Notwithstanding this element of uncertainty as to what precisely was the Foreign Exchange Law in December, 1953, in contrast to what it was in 1947, we find upon examination little change in substance or legal effect wrought by the amendments made since 1947. Because of defendants' failure to supply the record with copies of the amendments, showing when made or other evidence of like character, we feel justified in assuming that the 1945 Exchange Law remained in effect during December, 1953. Rusk v. Montgomery, 80 Or. 93, 101, 156 P. 435; Weygandt v. Bartle, 88 Or. 310, 317, 171 P. 587; 31 CJS 744, Evidence § 124(4). See, also, State ex rel. Grismer v. Merger Mines Corp., 3 Wn.2d 417, 101 P.2d 308, 310, where the rule is applied to the law of a foreign jurisdiction; Martinez v. Gutierrez (Tex), 66 S.W.2d 678; 31 CJS, supra, at 769.
Subsections (a), (b) and (c) of Article 2 of the Law of 1945, and as it was in 1946, single out the following transactions as the primary subjects of control:
"Primarily the following transactions are subject to control:
"(a) All transactions within the country and with foreign countries: in foreign exchange, claims and debts in foreign currency and other values in foreign currency;
"(b) All transactions with foreign countries: in domestic currency, credits and debits in domestic currency and other values in domestic currency;
"(c) All transactions with foreigners within the country, causing changes in property relations between our country and foreign countries; and * * *."
The changes between Articles 1 and 2 of the Law of 1945 and as the same numbered articles appear in Exhibit 30 are immaterial.

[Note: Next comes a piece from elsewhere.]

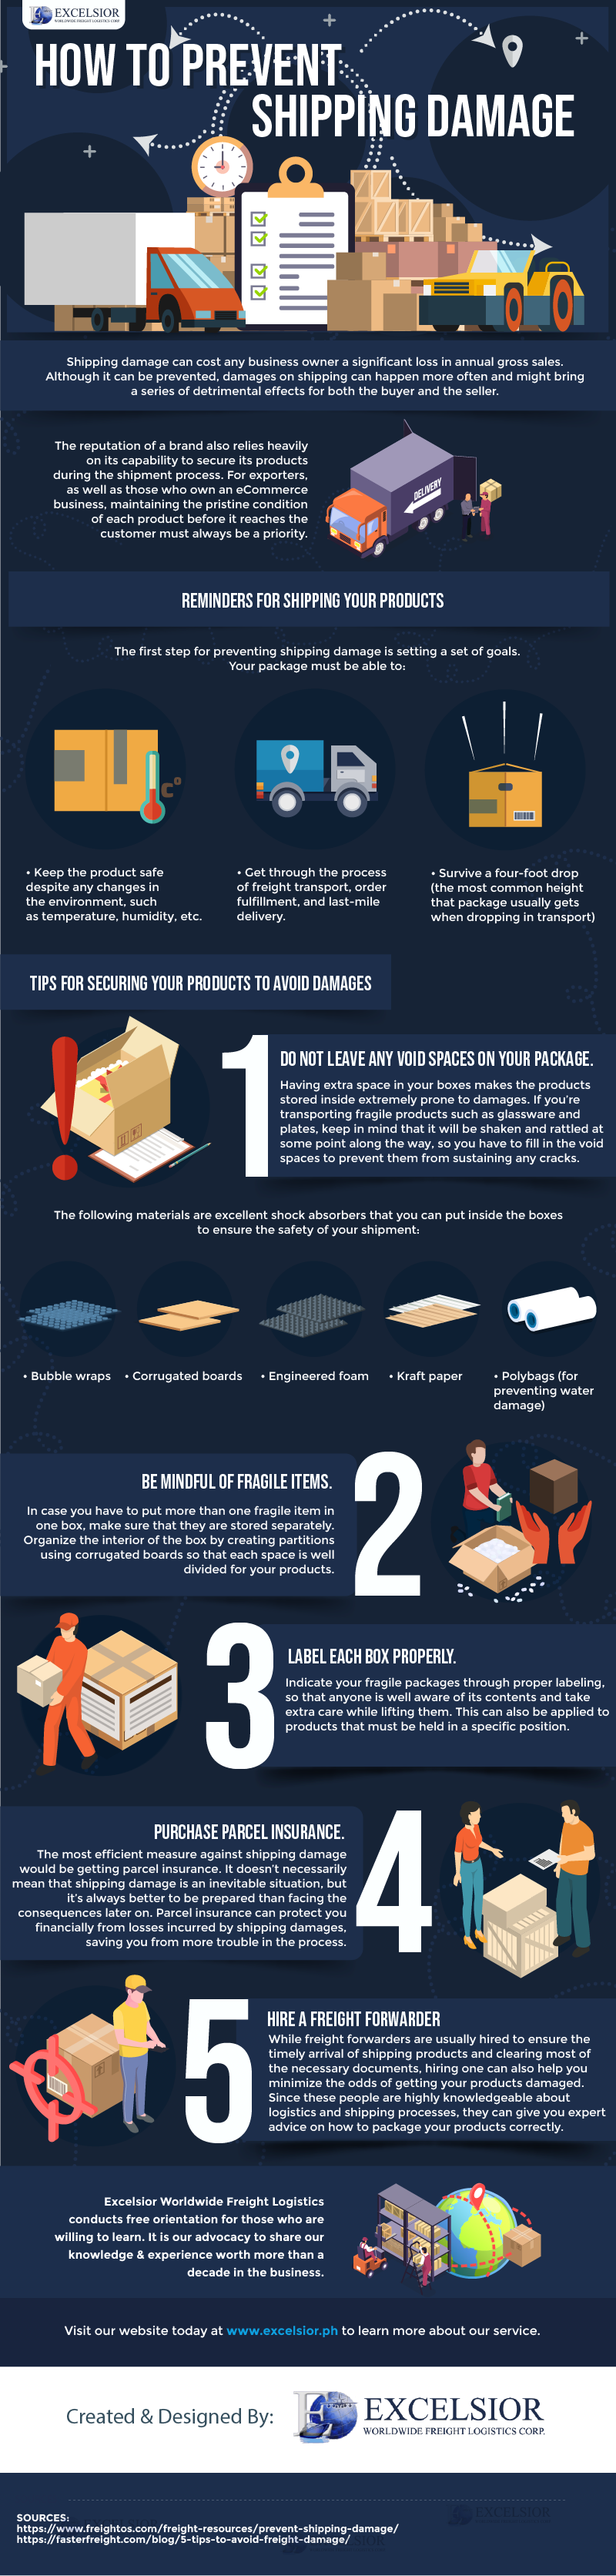 How to Prevent Shipping Damage - Infographic

In re Arbulich, to which we have made several previous references (decided May 26, 1953), is one of especial force and significance here. It was a proceeding to determine heirship in the estate of a California decedent which was claimed by a brother residing in the United States and by another brother who resided in and was a national of Yugoslavia. The decedent and the brother residing in California were former nationals of that country. The Superior Court entered a judgment to the effect that the brother residing in the United States was entitled to distribution of the entire estate. The Yugoslavian brother appealed. The Supreme Court held that evidence was sufficient to support the finding that on March 21, 1947, when decedent died, the rights of inheritance prescribed by § 259 of the California Probate Code did not exist with respect to either real or personal property as between the residents and citizens of the United States and Yugoslavia. Among other documents of importance before the court was the Foreign Exchange Law which we now review.

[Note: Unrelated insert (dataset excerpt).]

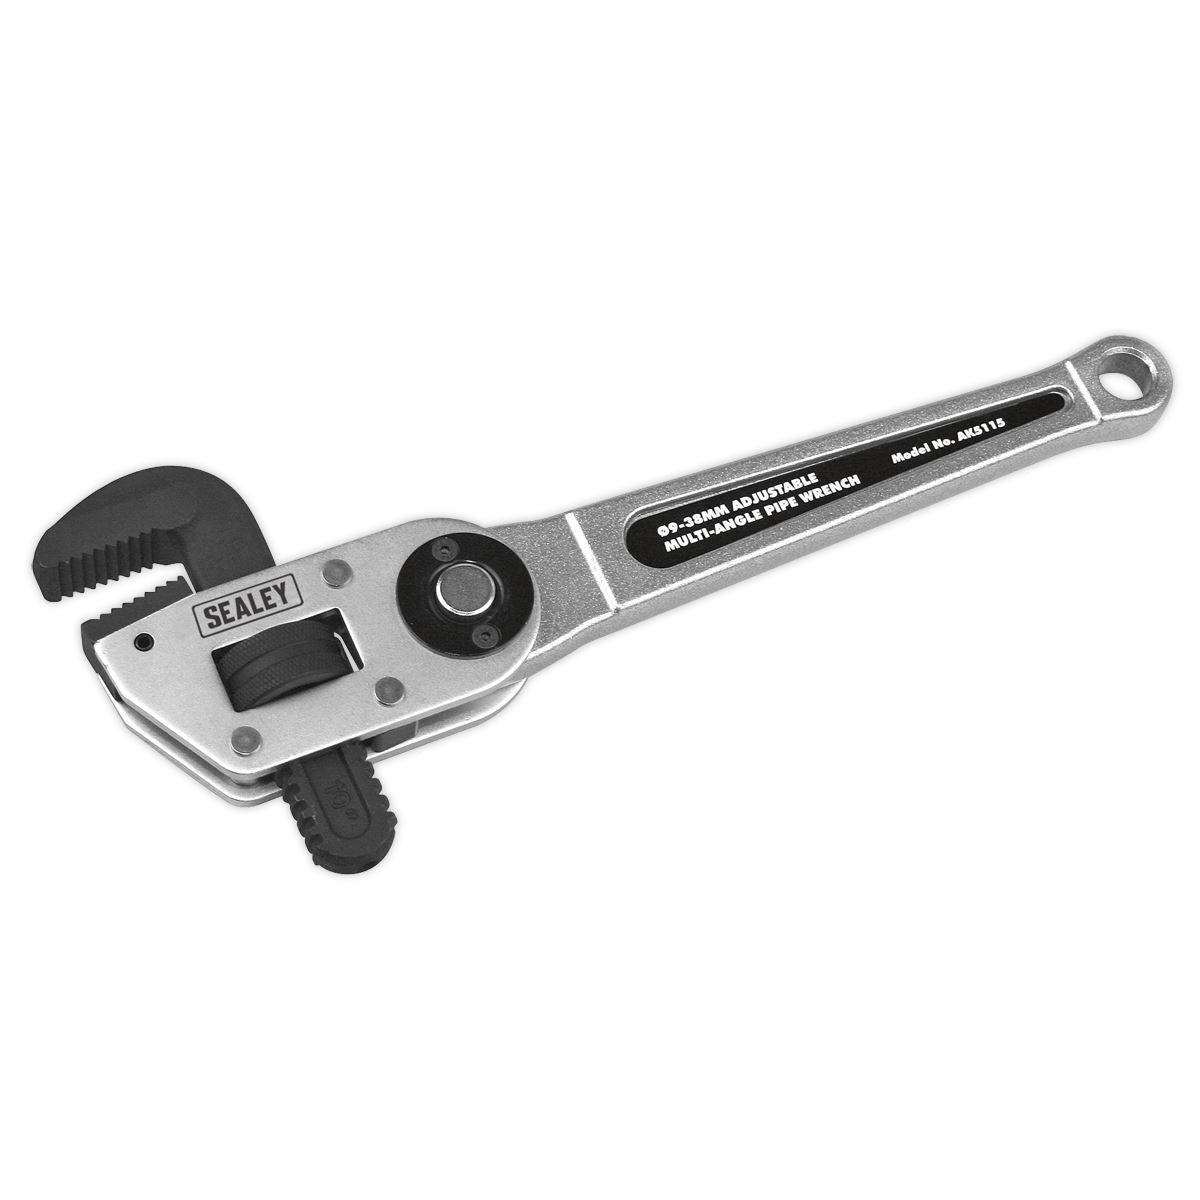 Sealey Premier Adjustable Multi-Angle Pipe Wrench Ø9-38mm

The court took notice of the amendments made to the 1945 Law in October, 1946, referring particularly to Article 24, as so amended (257 P.2d at 439), saying:
"The second decree, effective October 25, 1946, confirms the decree of September 7, 1945, and amends it in various respects which appear to be largely immaterial here. However, Article 24 of the second decree [i.e., October, 1946], provides that 'The Minister of Finance of FPRY is herewith authorized to issue regulations, instructions, orders and decrees, for the execution of this law,' * * *."
We, therefore, feel warranted in saying that Article 24, as thus referred to in Arbulich, is identical with Article 24 as found in Exhibit 30 of the instant matter and the slight differences appearing may be credited to differences in translation. This justifies our conclusion that Article 24, as above quoted in Arbulich, was an integral and important element of the Law in December, 1953.

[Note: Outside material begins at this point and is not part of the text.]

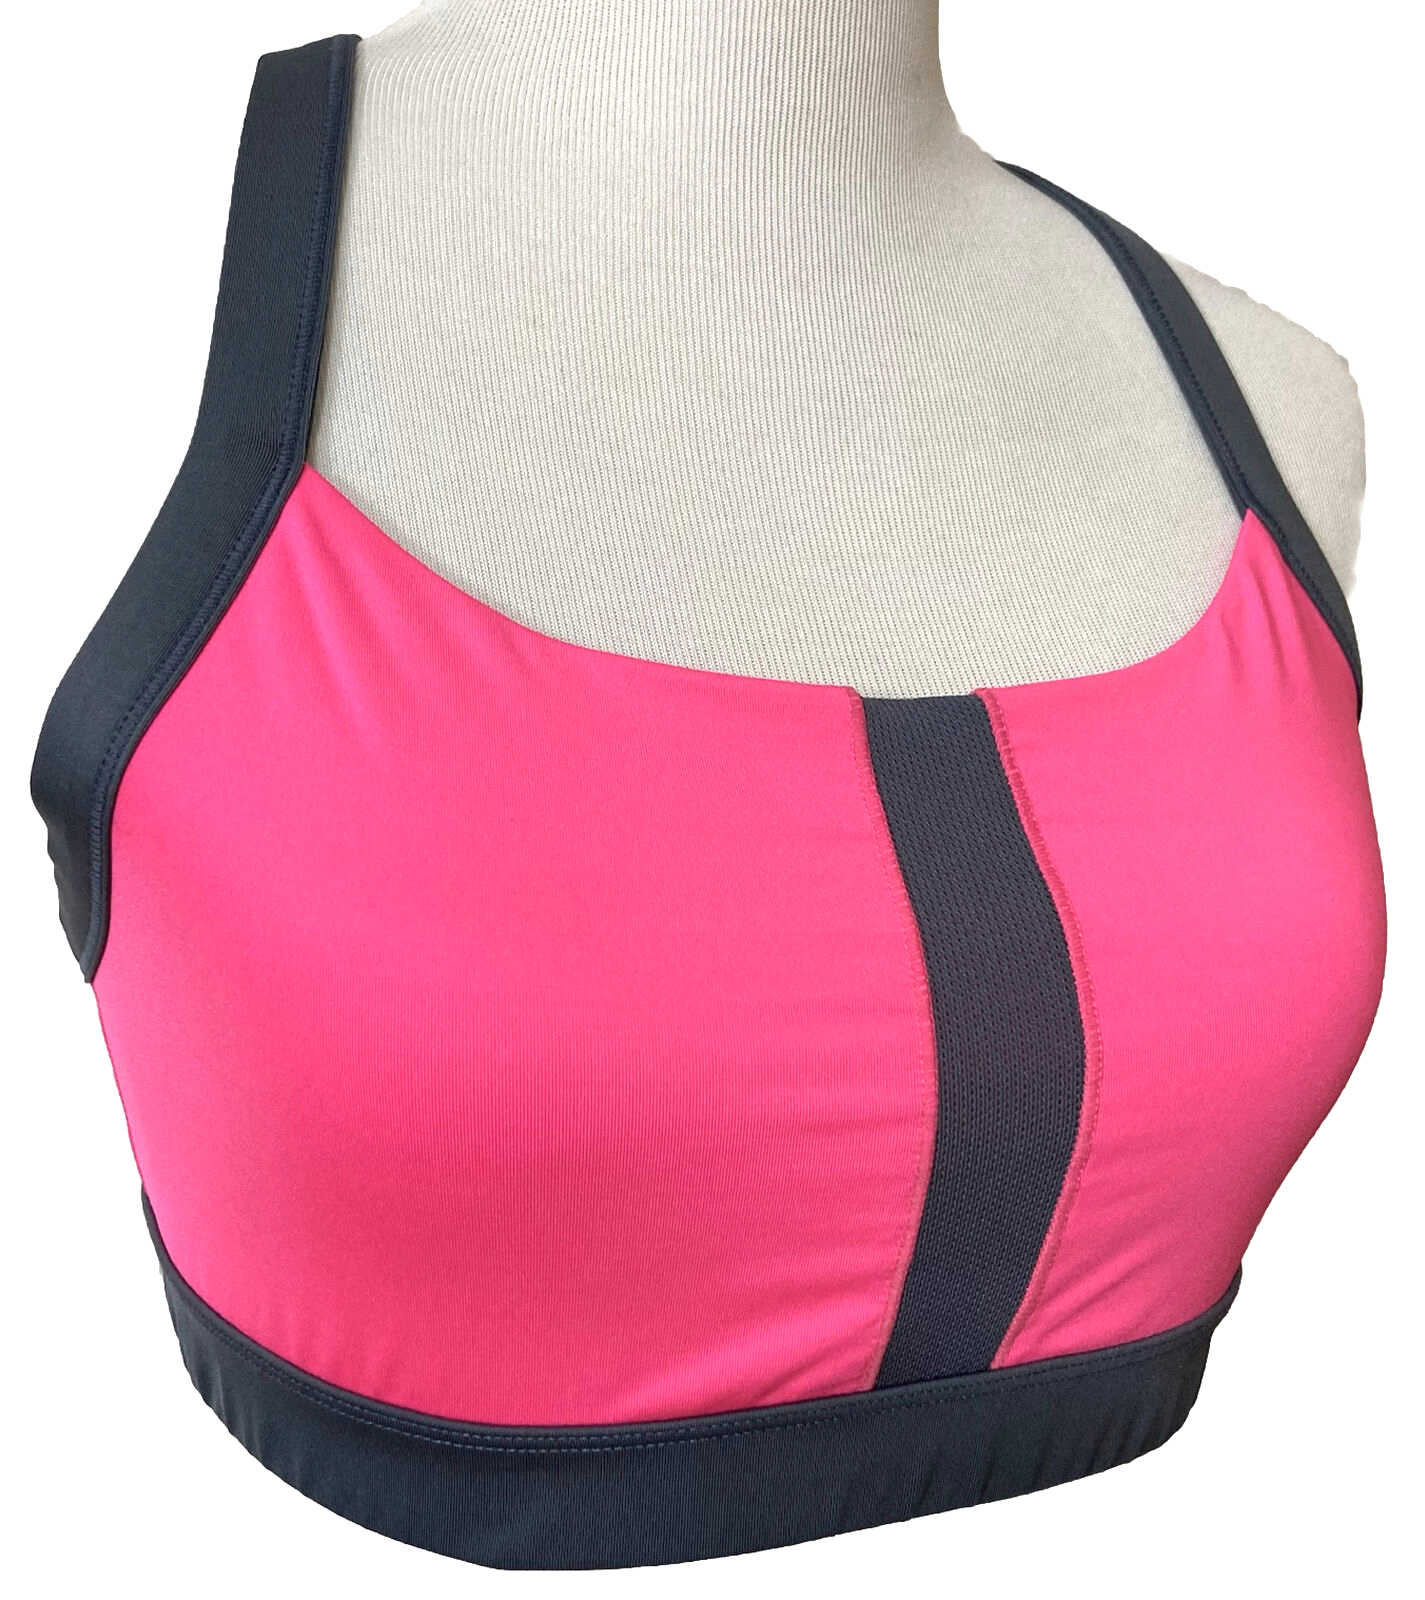 Primary image for Women's Champion Duo Dry Sports Bra Sz Large Light Support Bright Pink

The court, continuing, stated:
"Appellant urges that the 'Foreign Exchange Law' has no materiality in relation to the question of reciprocity; that it is merely 'regulatory of foreign exchange and has no reference whatever to rights of inheritance.' But a reading of the entire substance of the documents mentioned makes it apparent that the trial court was justified in reaching the conclusion that under Yugoslav law a citizen of the United States, at the time of decedent's death, had no definitely ascertainable and enforceable right to receive Yugoslav property by testament, and that the receipt of any such property would depend in each case upon the largely, if not entirely, uncontrolled discretion of the Minister of Finance. This is far different from a standardized regulation which might merely delay the transmission of gold, money, or other stores of value from one nation to another. * * *" (257 P.2d at 439)
We also say, as did the California court, the Law has the effect of "confirming the apparently unlimited power of the Minister of Finance over foreign exchange transactions" and the absence of any "definitely ascertainable and enforceable right to receive Yugoslav property by testament, and that the receipt of any such property would depend in each case upon the largely, if not entirely, uncontrolled discretion of the Minister of Finance."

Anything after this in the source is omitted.